Figure 5c describes a complex of proteins associated with NfkB (Topological module 113), a master regulator of inflammatory responses. One interesting observation is that several genes in this module are associated with Alzheimer’s disease. This is of interest, as there is growing recognition that Alzheimer’s disease may be associated with inflammation and its risk is elevated by metabolic disorders, such as diabetes41. Thus this non-trivial protein module allows us to make the critical connection between these two important disorders and the basal inflammatory responses of cells.

Figure 6 shows a significant protein module (Topological module 24) with four genes, SYN1, SYN2, SYN3 and CAPON. Of these SYN1, SYN2 and SYN3 are all associated with psychiatric disease and the synaptic transmission and synaptic vesicle trafficking pathway.

Figure 6
figure 6

Significant protein modules.

The Disease network and protein-pathway network of topological module 24. Round denotes proteins, diamond denote pathway and ellipse denotes diseases.

In addition, topological module 3 and 51 are also interesting non-trivial protein modules. All the proteins of module 3 are involved in Golgi vesicle transport and most are also involved in the membrane trafficking pathway and associated with Alzheimer’s disease. All the proteins of module 51 are associated with translation initiation factor activity and in the Metabolism of proteins pathway and most are also associated with liver disease.

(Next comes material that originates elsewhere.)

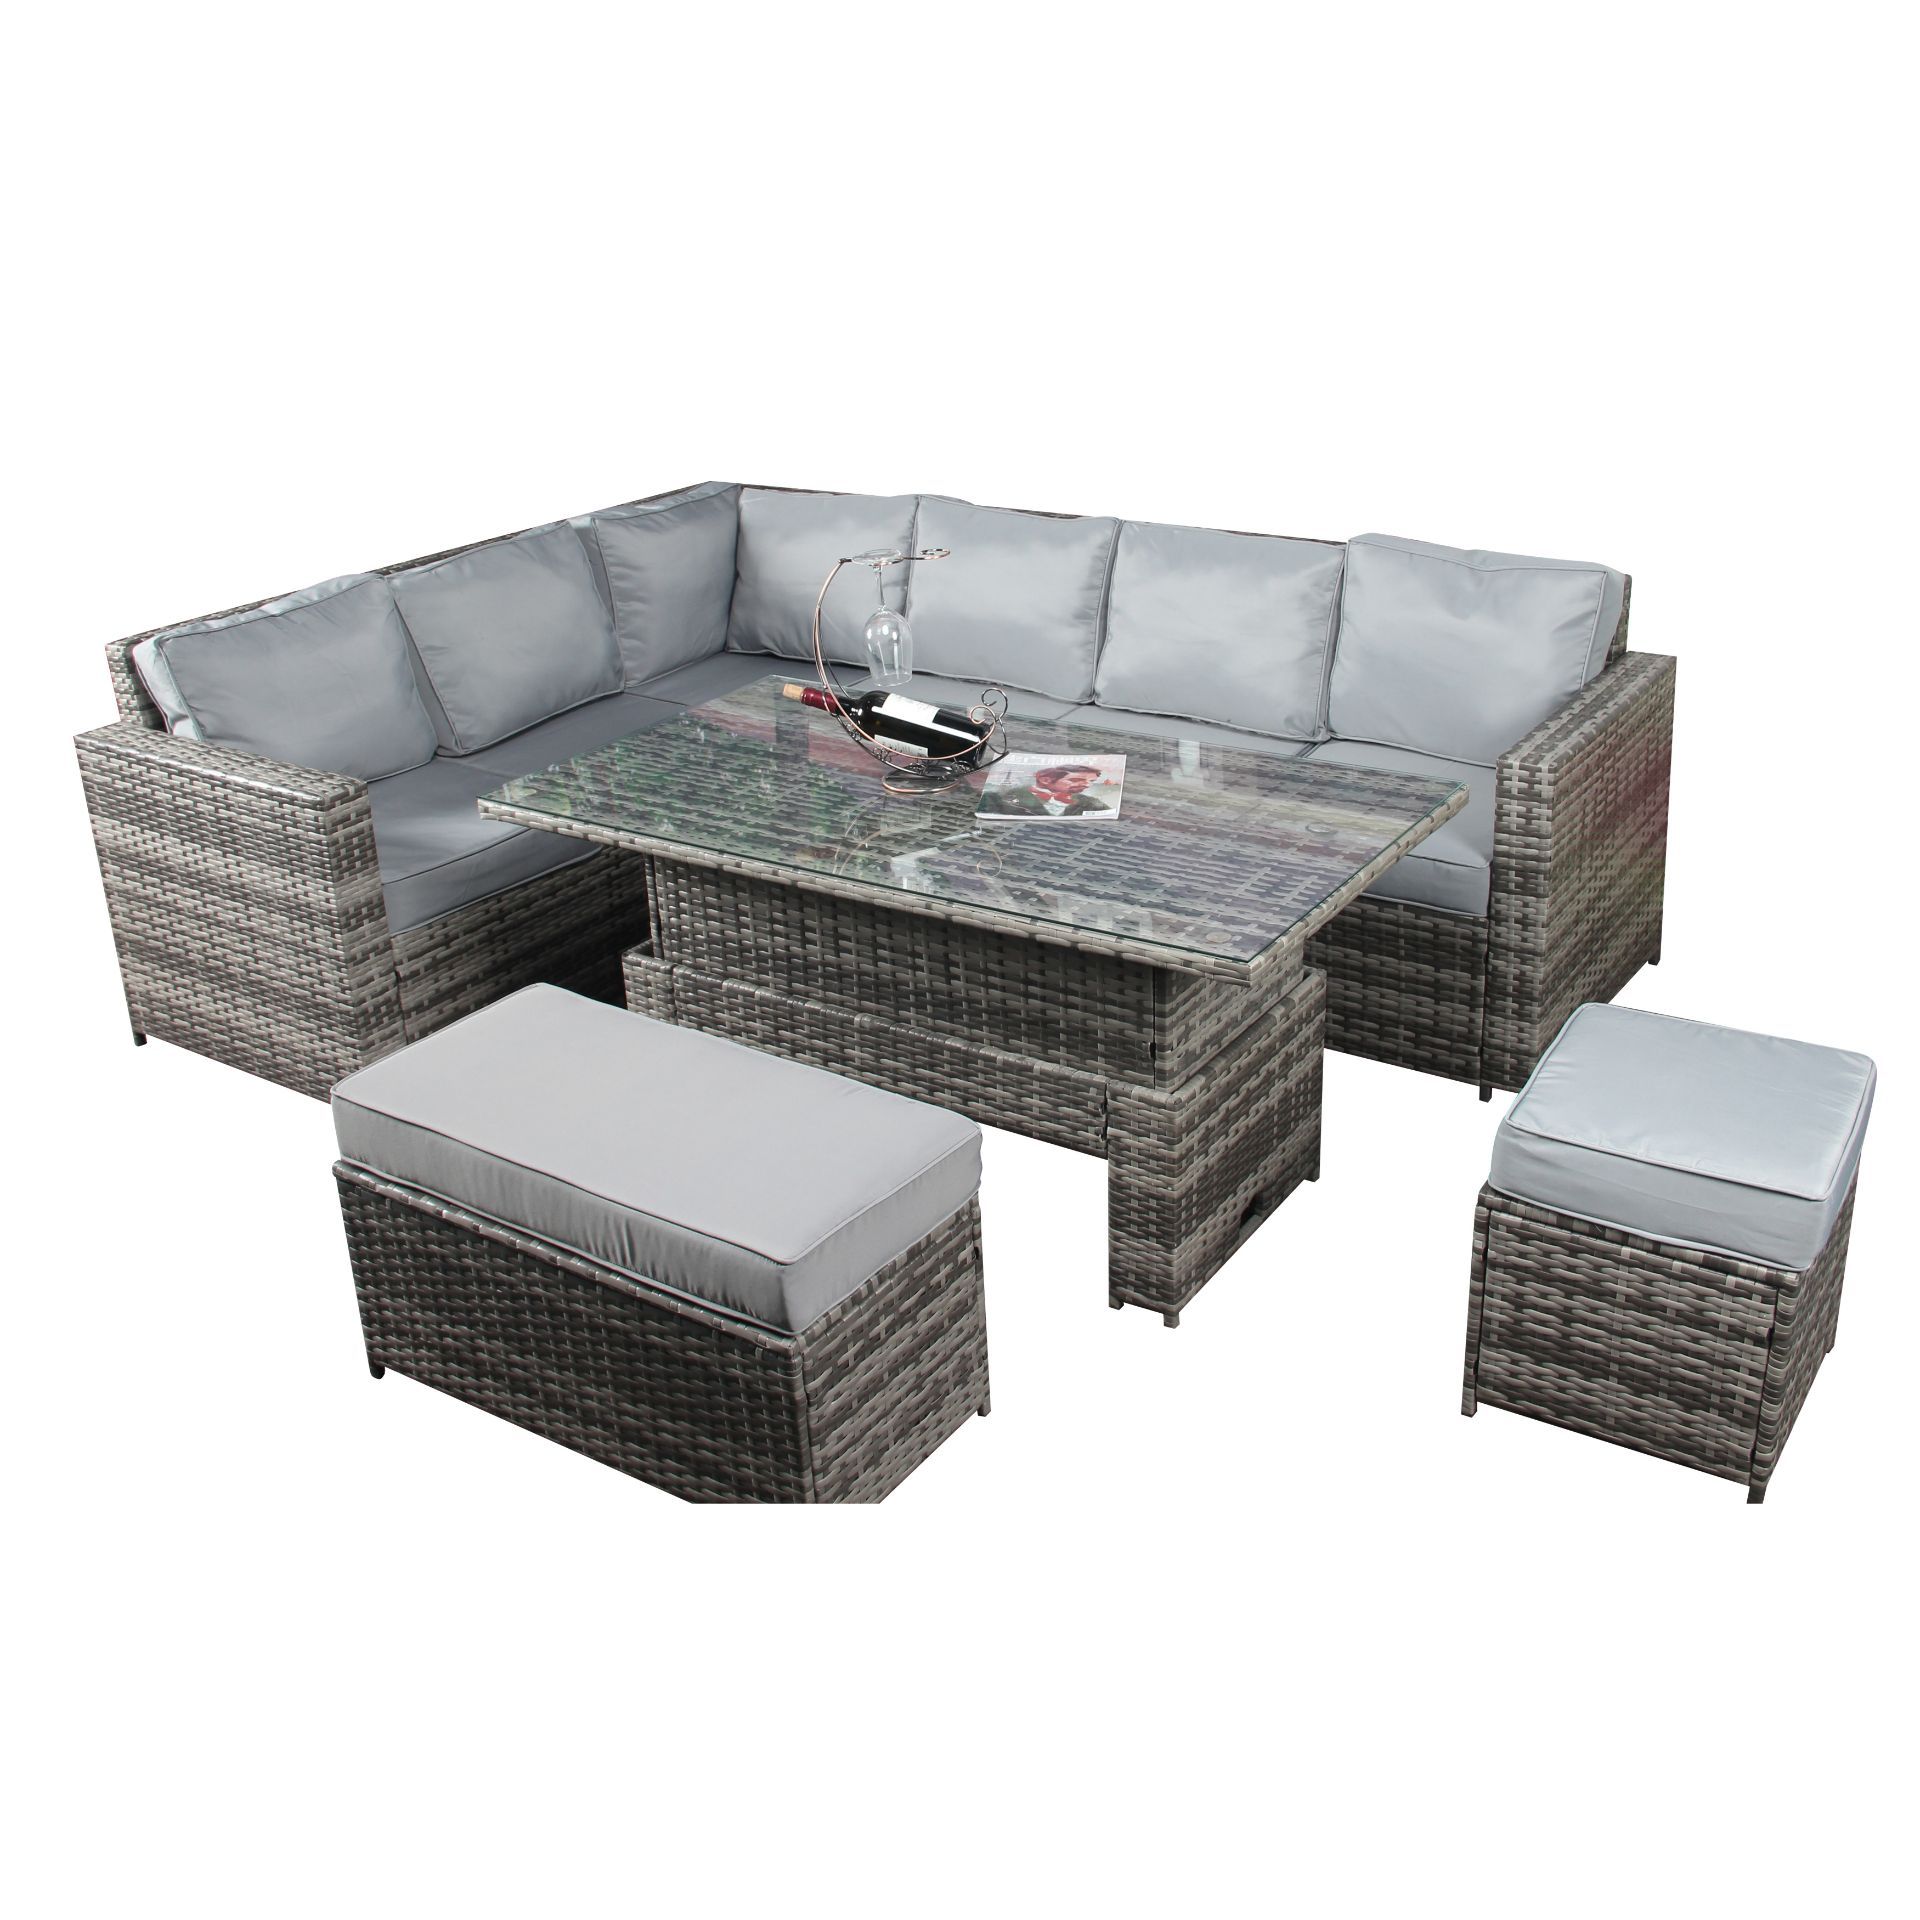 Brand new Rattan set 8 seater corner set with rise and lowering table *PLUS VAT* - Image 3 of 9
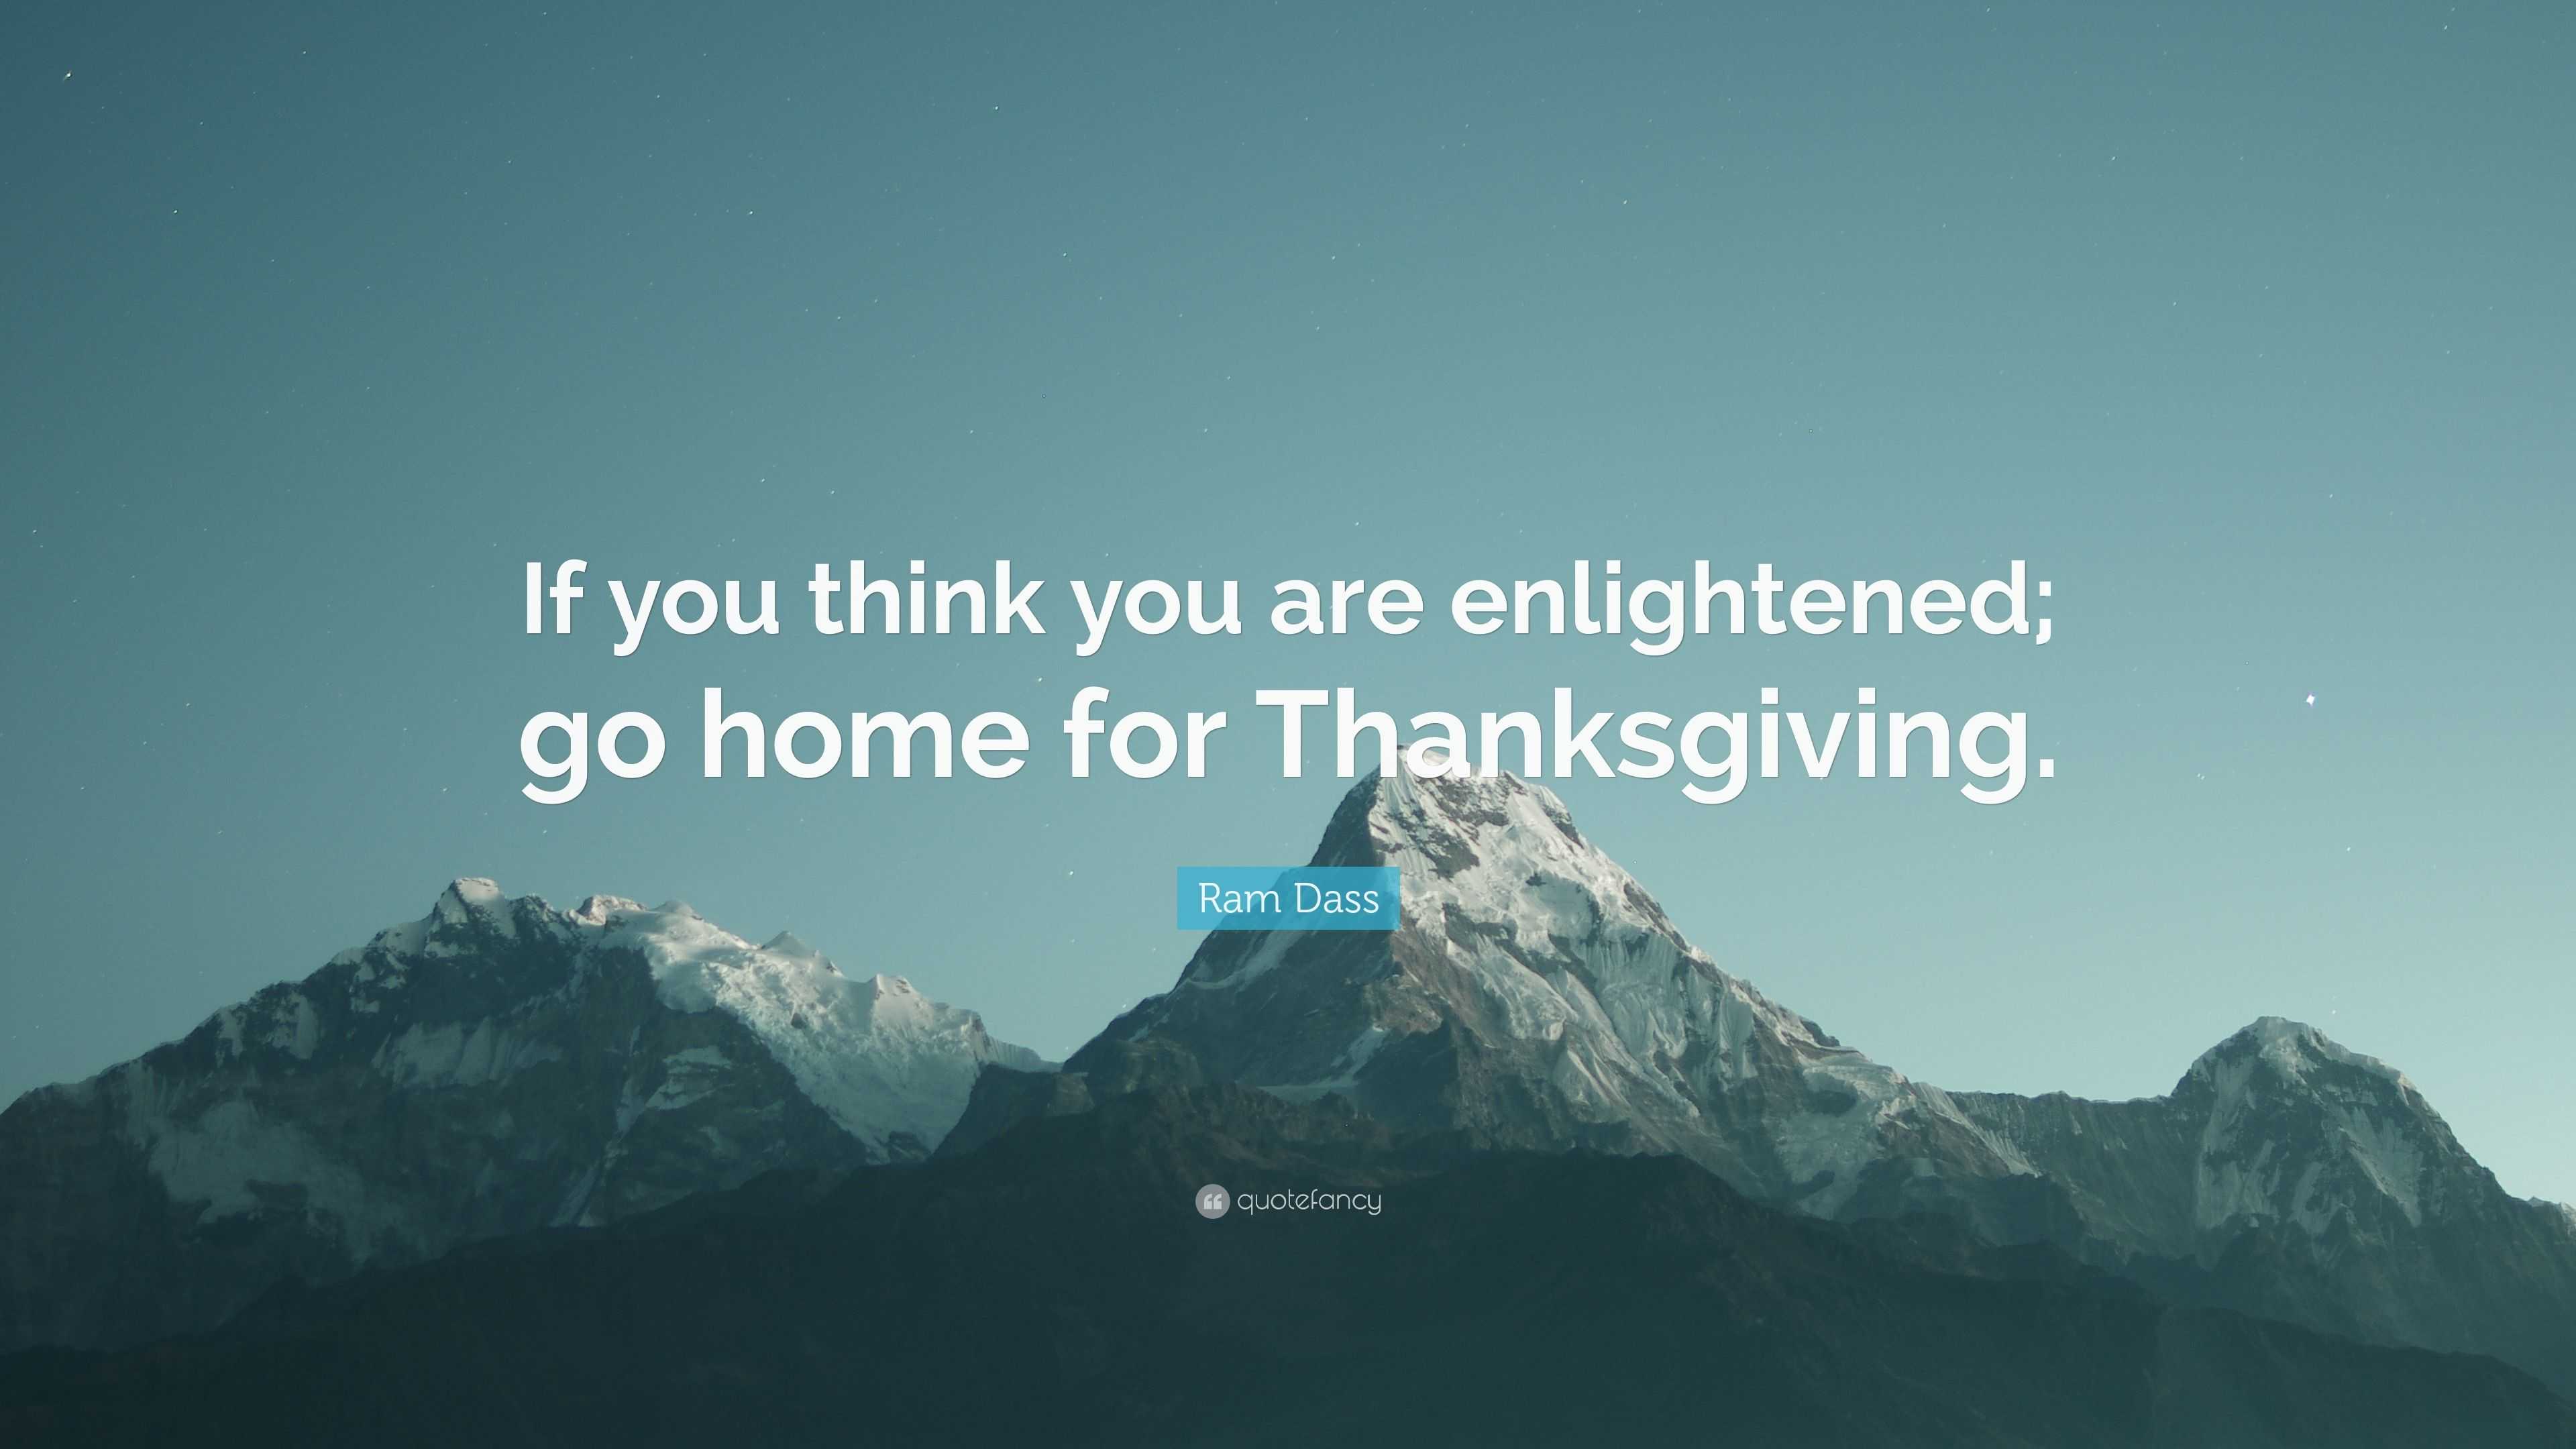 Ram Dass Quote: “If you think you are go home for Thanksgiving.”

Comparison with existing methods

In recent years, a number of methods have been developed to identify functional modules1,2,3,4,5,6,7,8,9 and disease modules10,11,12,13,14,15,16,17,18,19,20,21,22,23,24 in PPI networks. Most methods to identify disease modules are disease protein prioritization methods. To evaluate the relative performance of our method, we compare our results with two representative methods that can identify functional and disease modules. One is the Markov Cluster Algorithm (MCL)42, which is based on random flow (We use the default settings, inflation parameter r = 2) and the other is random walker (RW)43 that wanders from node to node along the links of the network. After every move the walker is reset to a randomly chosen seed gene with a given probability r (we use r = 0.4).

Figure 7(a) shows the modularity results from NeTA, MCL and RW, which can qualify the clustering quality of the topological modules. NeTA performs better than the other two methods. Figure 7(b) shows the mapping frequency of the three methods based on the topological modules that were identified. As expected, among the three kinds of modules, no matter what method was used, we identify more functional than disease modules. NeTA identified more functional modules than MCL and RW and also identified more pathway and disease modules. Figure 7(c) shows the average mapping frequency of the three methods based on topological modules that were identified. Fore each method, we count each functional/disease module mapping frequency and take the mean value, which measures the mapping accuracy of each method. We can see that the mapping accuracy of NeTA is higher than other two methods. Figure 7(d) describes the mapping frequency of non-trivial protein modules and significant protein modules. Again, NeTA finds more non-trivial and significant protein modules. Overall, we find that our method performs better than the other algorithms for all kinds of protein modules.

Figure 7
figure 7

Performance evaluation of NeTA.

(a) The modularity of three representative clustering algorithms. (b) We mapped the detected topological modules to function, pathway and disease database respectively and computed the mapping frequency for each algorithm. (c) The average mapping frequency of all detected modules are counted for the three algorithms. (d) The mapped frequency of detected non-trivial protein modules and significant protein modules.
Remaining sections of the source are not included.